Mutations in the gene encoding hepatic nuclear factor 1-alpha (HNF1-alpha) cause a subtype of human diabetes resulting from selective pancreatic beta-cell dysfunction. We have analyzed mice lacking HNF1-alpha to study how this protein controls beta-cell-specific transcription in vivo. We show that HNF1-alpha is essential for the expression of glut2 glucose transporter and L-type pyruvate kinase (pklr) genes in pancreatic insulin-producing cells, whereas in liver, kidney, or duodenum tissue, glut2 and pklr expression is maintained in the absence of HNF1-alpha. HNF1-alpha nevertheless occupies the endogenous glut2 and pklr promoters in both pancreatic islet and liver cells. However, it is indispensable for hyperacetylation of histones in glut2 and pklr promoter nucleosomes in pancreatic islets but not in liver cells, where glut2 and pklr chromatin remains hyperacetylated in the absence of HNF1-alpha.

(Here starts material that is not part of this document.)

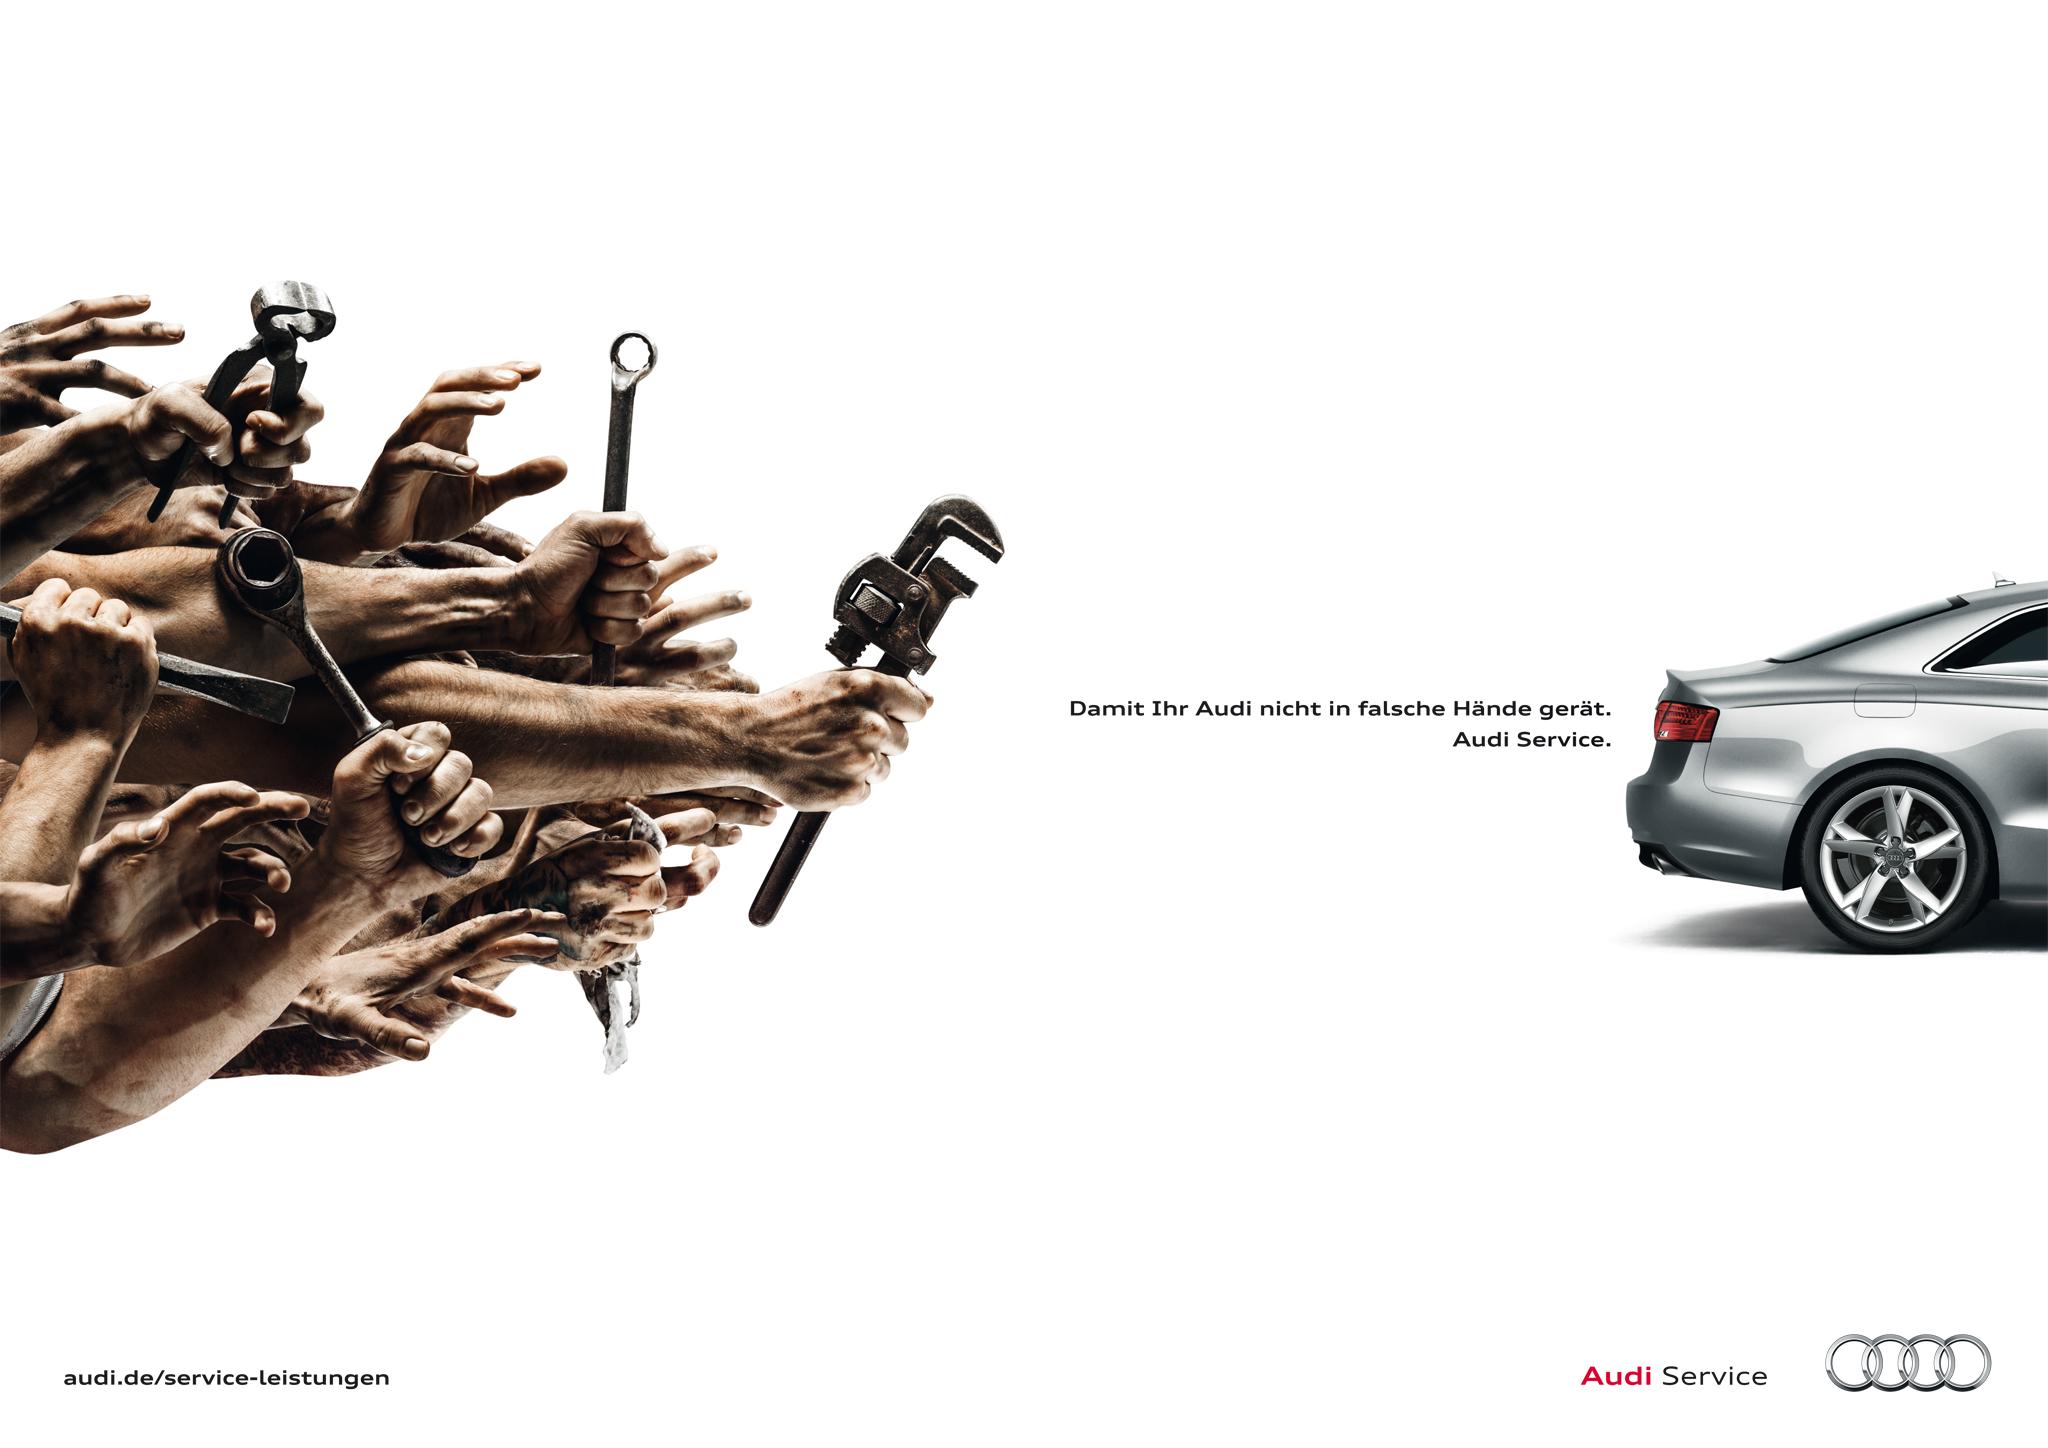 Audi Service | Photographer Attila Hartwig | Agency thjnk Berlin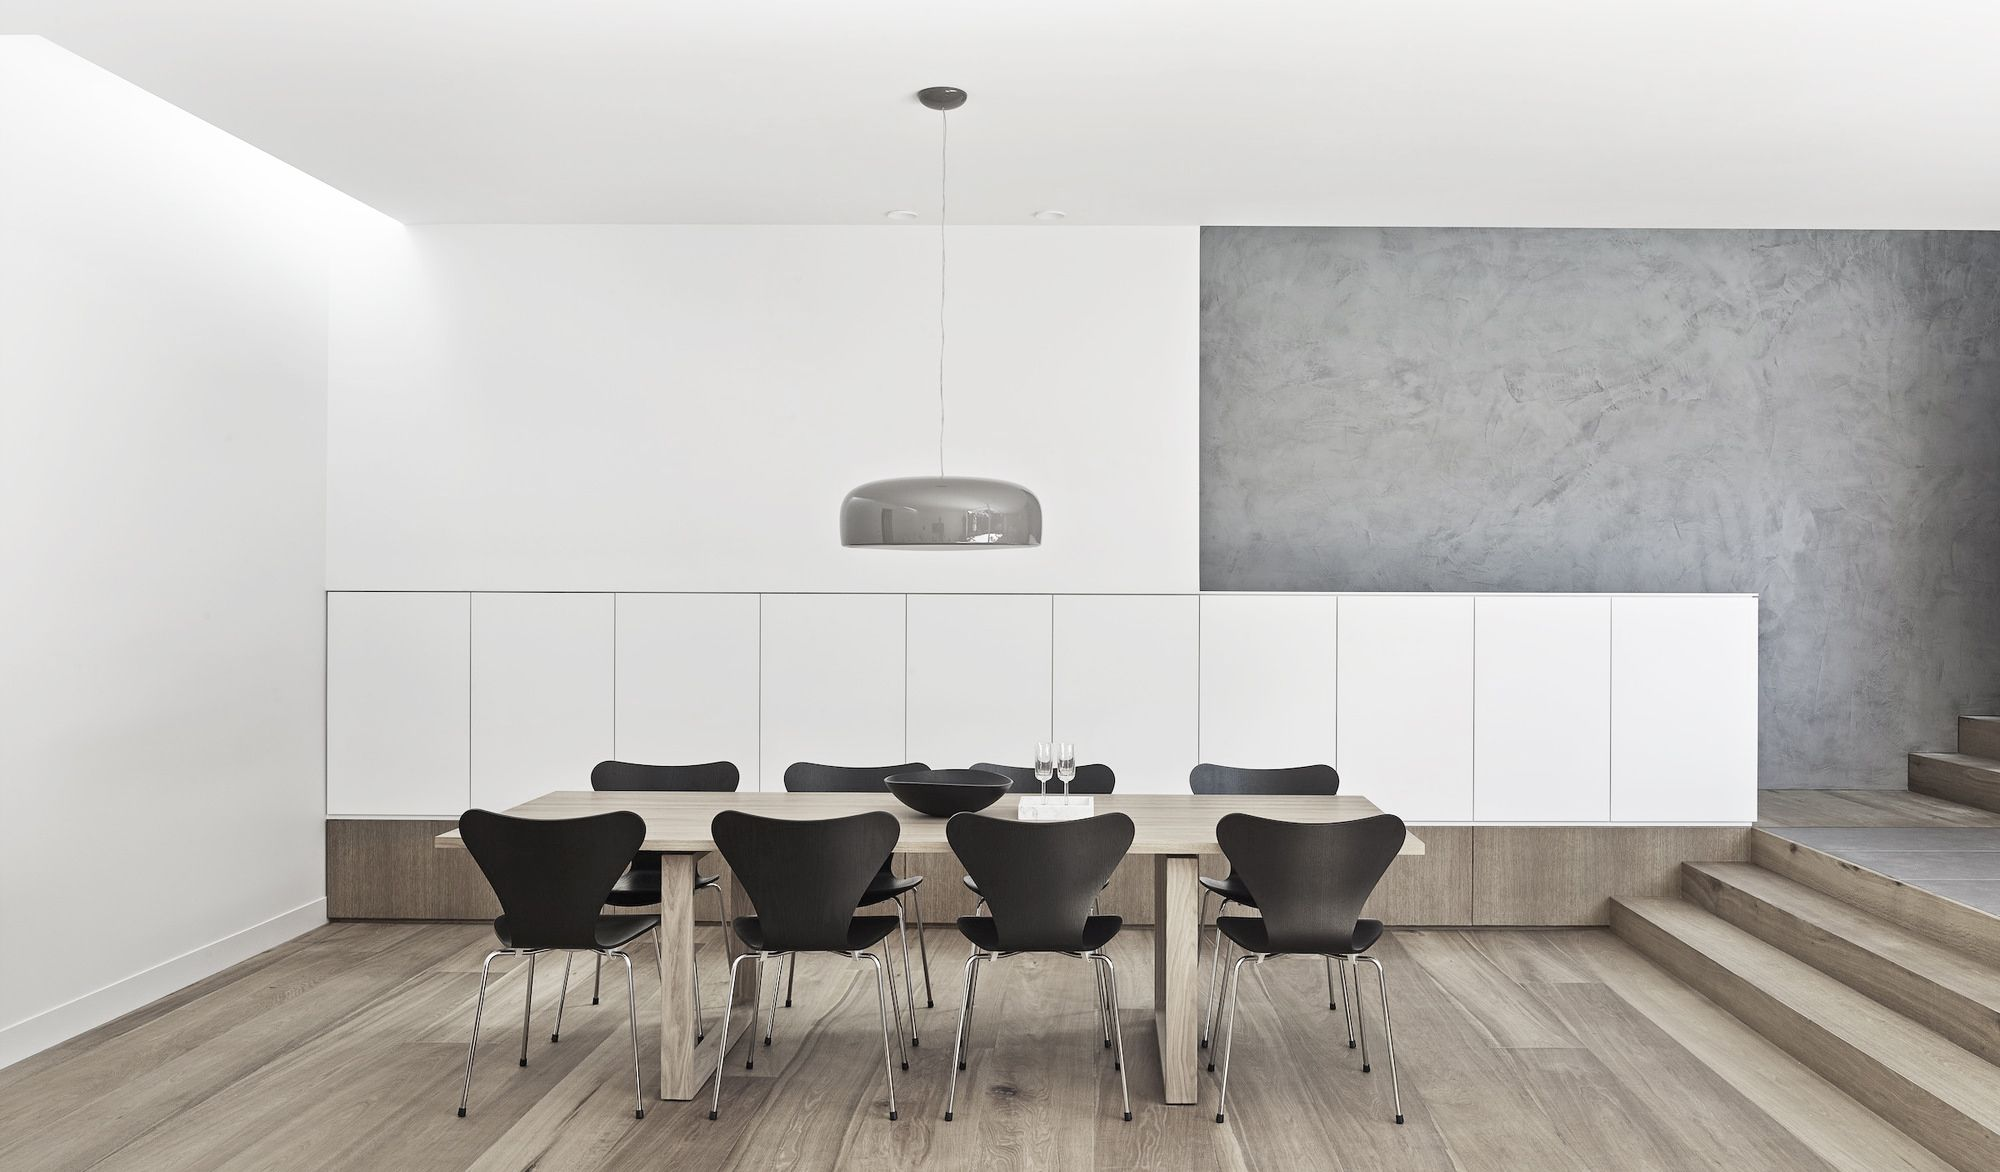 Adaptable house henning larsen architects gxn nội thất

In contrast, the phenylalanine hydroxylase promoter requires HNF1-alpha for transcriptional activity and localized histone hyperacetylation only in liver tissue. Thus, different HNF1-alpha target genes have distinct requirements for HNF1-alpha in either pancreatic beta-cells or liver cells. The results indicate that HNF1-alpha occupies target gene promoters in diverse tissues but plays an obligate role in transcriptional activation only in cellular- and promoter-specific contexts in which it is required to recruit histone acetylase activity. These findings provide genetic evidence based on a live mammalian system to establish that a single activator can be essential to direct nucleosomal hyperacetylation to transcriptional targets.